- Gondai Location in Uttar Pradesh, India
- Coordinates: 27°16′16″N 78°22′48″E﻿ / ﻿27.27107°N 78.3801°E
- Country: India
- State: Uttar Pradesh
- District: Firozabad
- Tehsil: Firozabad

Area
- • Total: 2.46 km^{2} (0.95 sq mi)

Population (2011)
- • Total: 1,450
- • Density: 589/km^{2} (1,530/sq mi)
- Time zone: UTC+5:30 (IST)
- PIN: 283204

= Gondai, Firozabad =

Village in Uttar Pradesh, India

Gondai is a village in Kotla block of Firozabad district, Uttar Pradesh, India. As of 2011, it had a population of 1,450, in 281 households.

== Demographics ==
As of 2011, Gondai had a population of 1,450, in 281 households. This population was 52.7% male (764) and 47.3% female (686). The 0-6 age group numbered 202 (110 male and 92 female), making up 13.9% of the total population. 275 residents were members of Scheduled Castes, or 19.0% of the total.

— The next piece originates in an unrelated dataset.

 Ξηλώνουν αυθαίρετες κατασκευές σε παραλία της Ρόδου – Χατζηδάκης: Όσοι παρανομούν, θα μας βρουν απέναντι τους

The 1981 census recorded Gondai (spelled "Gondhi" in English but "Gondai" in Hindi) as having a population of 810 people (431 male and 379 female), in 139 households and 135 physical houses.

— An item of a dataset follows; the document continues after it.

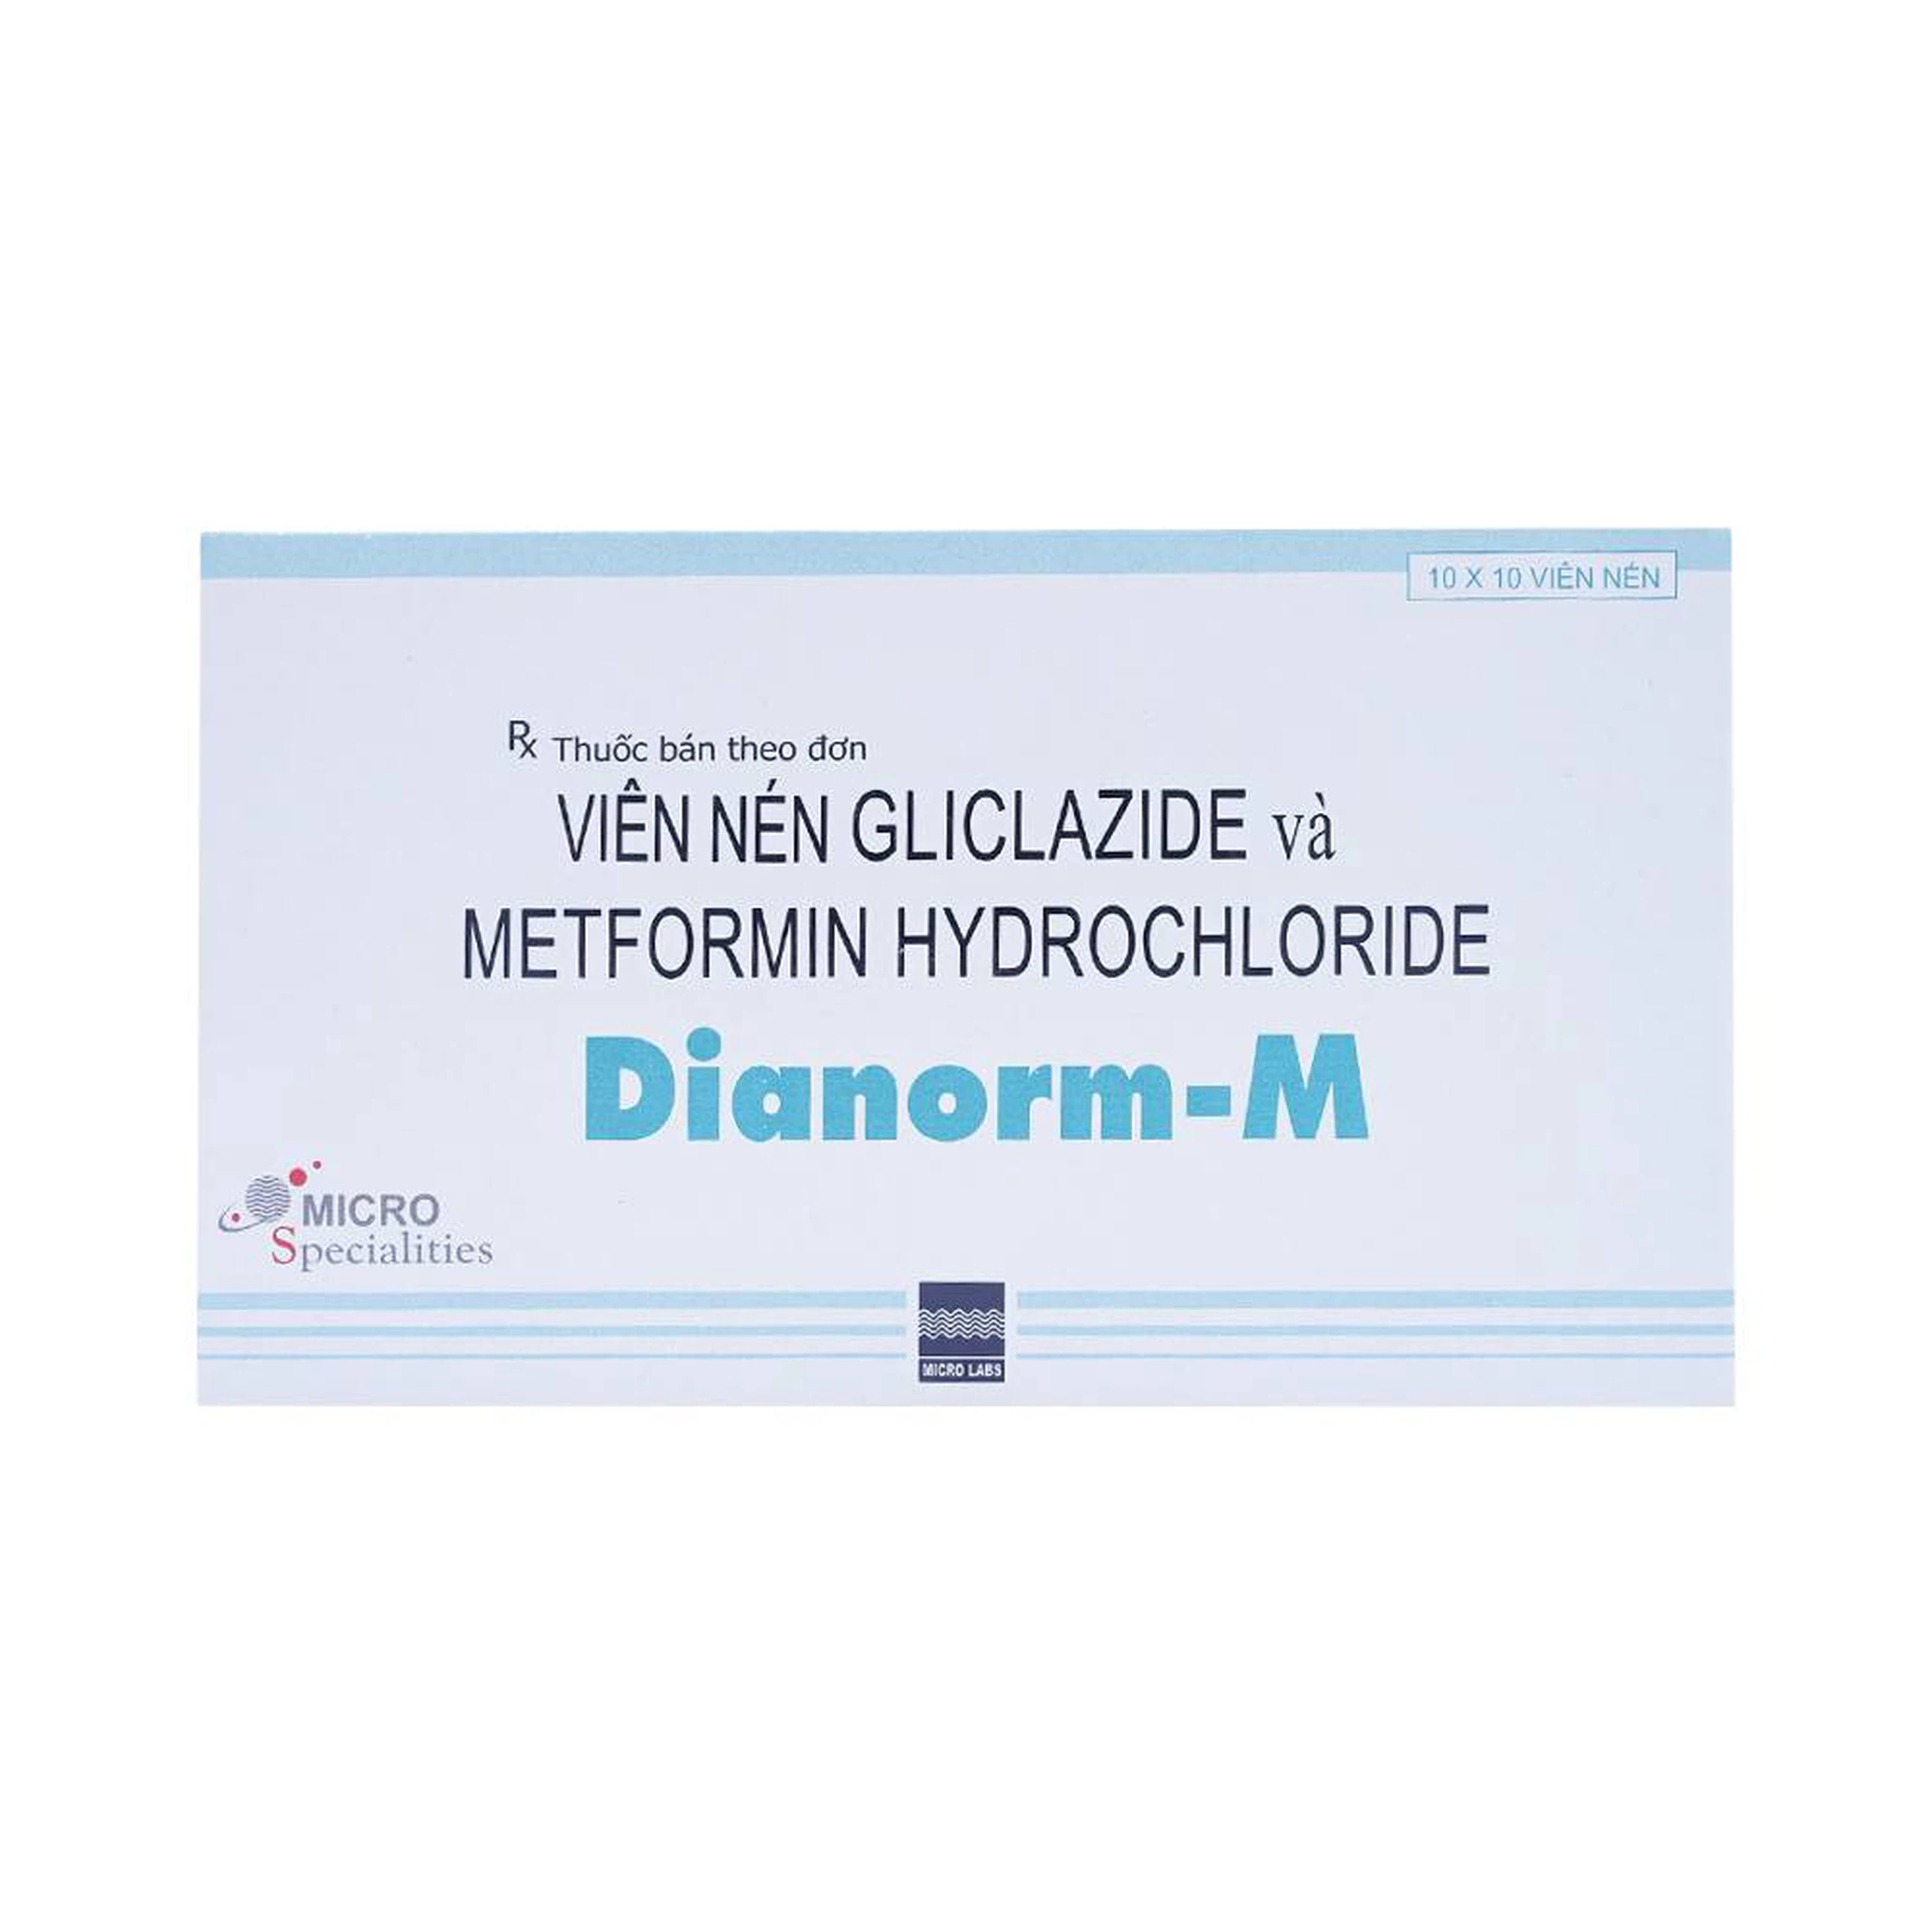 Thuốc Dianorm-M Micro điều trị đái tháo đường (10 vỉ x 10 viên)

The 1961 census recorded Gondai as comprising 1 hamlet, with a total population of 581 people (302 male and 279 female), in 110 households and 73 physical houses. The area of the village was given as 611 acres and it had a post office at that point.

== Infrastructure ==
As of 2011, Gondai had 1 primary school; it did not have any healthcare facilities. Drinking water was provided by hand pump and tube well/borehole; there were no public toilets. The village did not have a post office or public library; there was at least some access to electricity for residential and agricultural (but not commercial) purposes. Streets were made of pakka materials.